Bush sotto attacco per aver sottratto Libby alla prigione

Il presidente non esclude la grazia «in futuro» al braccio destro di Cheney che aveva tradito una 007 E giudici e giornali si scatenano

Bush sotto attacco per aver sottratto Libby alla prigione

da Washington

Applausi e fischi hanno accolto, come prevedibile, la decisione di Bush di salvare dal carcere Lewis «Scooter» Libby, il braccio destro del vicepresidente Cheney condannato a 30 mesi di reclusione per «ostruzione di giustizia» e per aver mentito alla giuria durante le investigazioni per il «caso» di Valerie Plame. Anche se la vicenda è contorta, i suoi dettagli dimenticati dai più e anche se, come ricorda l’editoriale di ieri della Washington Post, «c’erano delle attenuanti». Per esempio che nessuno è stato condannato per il reato su cui i magistrati hanno indagato: «fuga mirata» di segreti di Stato per danneggiare la credibilità di un diplomatico, l’ambasciatore Joseph Wilson che era stato incaricato di raccogliere dati su presunti acquisti di uranio nel Niger da parte di Saddam Hussein (uno dei motivi addotti per l’invasione nell’Irak) e aveva riferito che si trattava di voci false. Qualcuno rese noto, in quella occasione, la professione della moglie di Wilson, Valerie Plame, che era un’agente segreto della Cia. L’autore dell’«indiscrezione» confessò più tardi: era il sottosegretario agli Esteri Richard Armitage. Libby è stato condannato per aver «nascosto la verità» agli investigatori. A due anni e mezzo che, ha detto Bush, sono «una sentenza eccessiva». Il presidente (che «per il futuro» non ha escluso la grazia) non ha prosciolto Libby, ma ha commutato la sua pena detentiva: con urgenza perché altrimenti il braccio destro di Cheney sarebbe dovuto entrare in carcere fra pochi giorni. La decisione della Casa Bianca era stata invocata da alcuni attivisti nel campo «neoconservatore», ma è venuta egualmente a sorpresa, anche perché Bush ha omesso di chiedere, come di regola si fa per un procedimento di amnistia, il parere del ministero della Giustizia.
Di qui la polemica. Wilson e consorte, nel preannunciare una causa civile, hanno duramente attaccato Bush: «Con questo gesto il presidente ha assicurato che non ci siano più moventi per dire la verità. Sollevando così il sospetto che egli stesso sia parte della ostruzione di giustizia». Quasi egualmente indignato il giudice che ha emesso la sentenza, Patrick Fitzgerald (che fra l’altro è repubblicano e fu nominato da Bush): «La condanna non è eccessiva: è nella norma per questo tipo di reato. Contestarla equivale a dire che non tutti i cittadini sono uguali di fronte alla legge. Se l’autore della “fuga” non è stato condannato, è principalmente perché Libby ha sistematicamente mentito». Giudizio contestato da diversi esponenti repubblicani, in particolare dal senatore Fred Thompson, uno dei candidati più forti nella corsa alla Casa Bianca dell’anno prossimo: «Libby è un patriota che ha fatto tanto per il nostro Paese». Accanto a Thompson si schiera un quotidiano, il New York Post, che chiede adesso a Bush di passare all’amnistia completa. Una voce quasi isolata. Il New York Times si scaglia contro Bush: «Ci aveva promesso moralità e rispetto per la legge ma, dovendo scegliere, ha protetto i segreti e gli interessi dei suoi collaboratori, mettendosi al di sopra della legge». Opinione forse scontata da un quotidiano «liberale».

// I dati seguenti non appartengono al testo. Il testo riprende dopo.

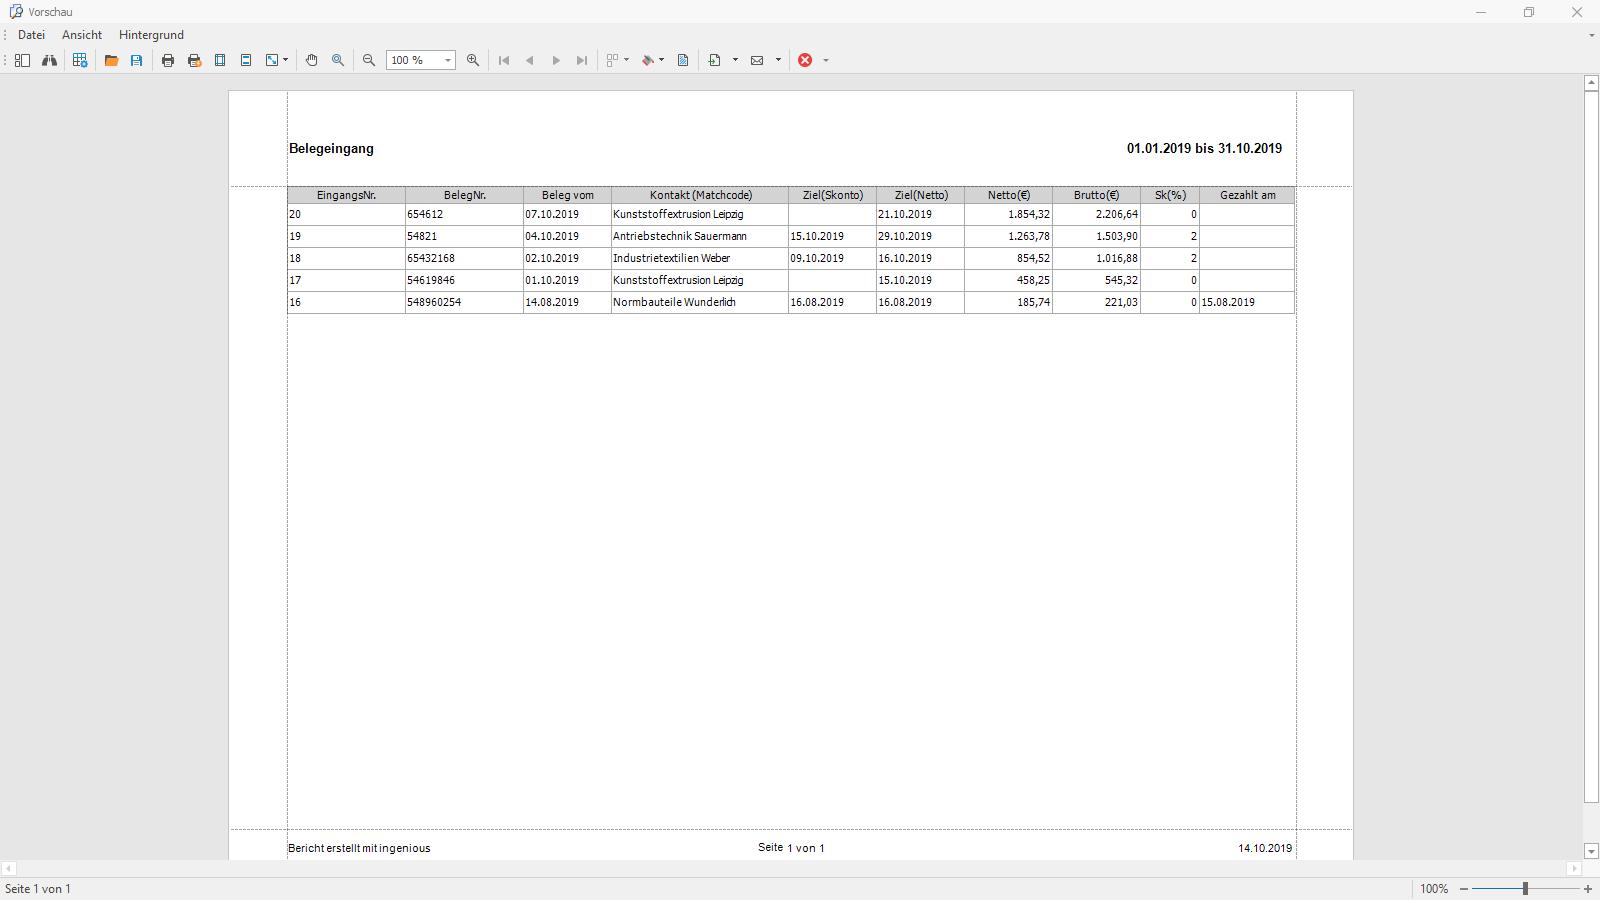 Ingenious Software Belegeingang Rechnungseingangsbuch Ausdruck

Lo è meno quella di un foglio conservatore come il Wall Street Journal, che ora accusa Bush di aver «dato un esempio di mancanza di coraggio, a conclusione di una vicenda in cui la sua amministrazione ha dimostrato insufficienza». Il Wall Street Journal avrebbe preferito un’amnistia, ma Bush deve aver tenuto anche conto dell’opinione pubblica. In un recente sondaggio 69 americani su 100 si erano detti contrari al «perdono» e solo 18 favorevoli.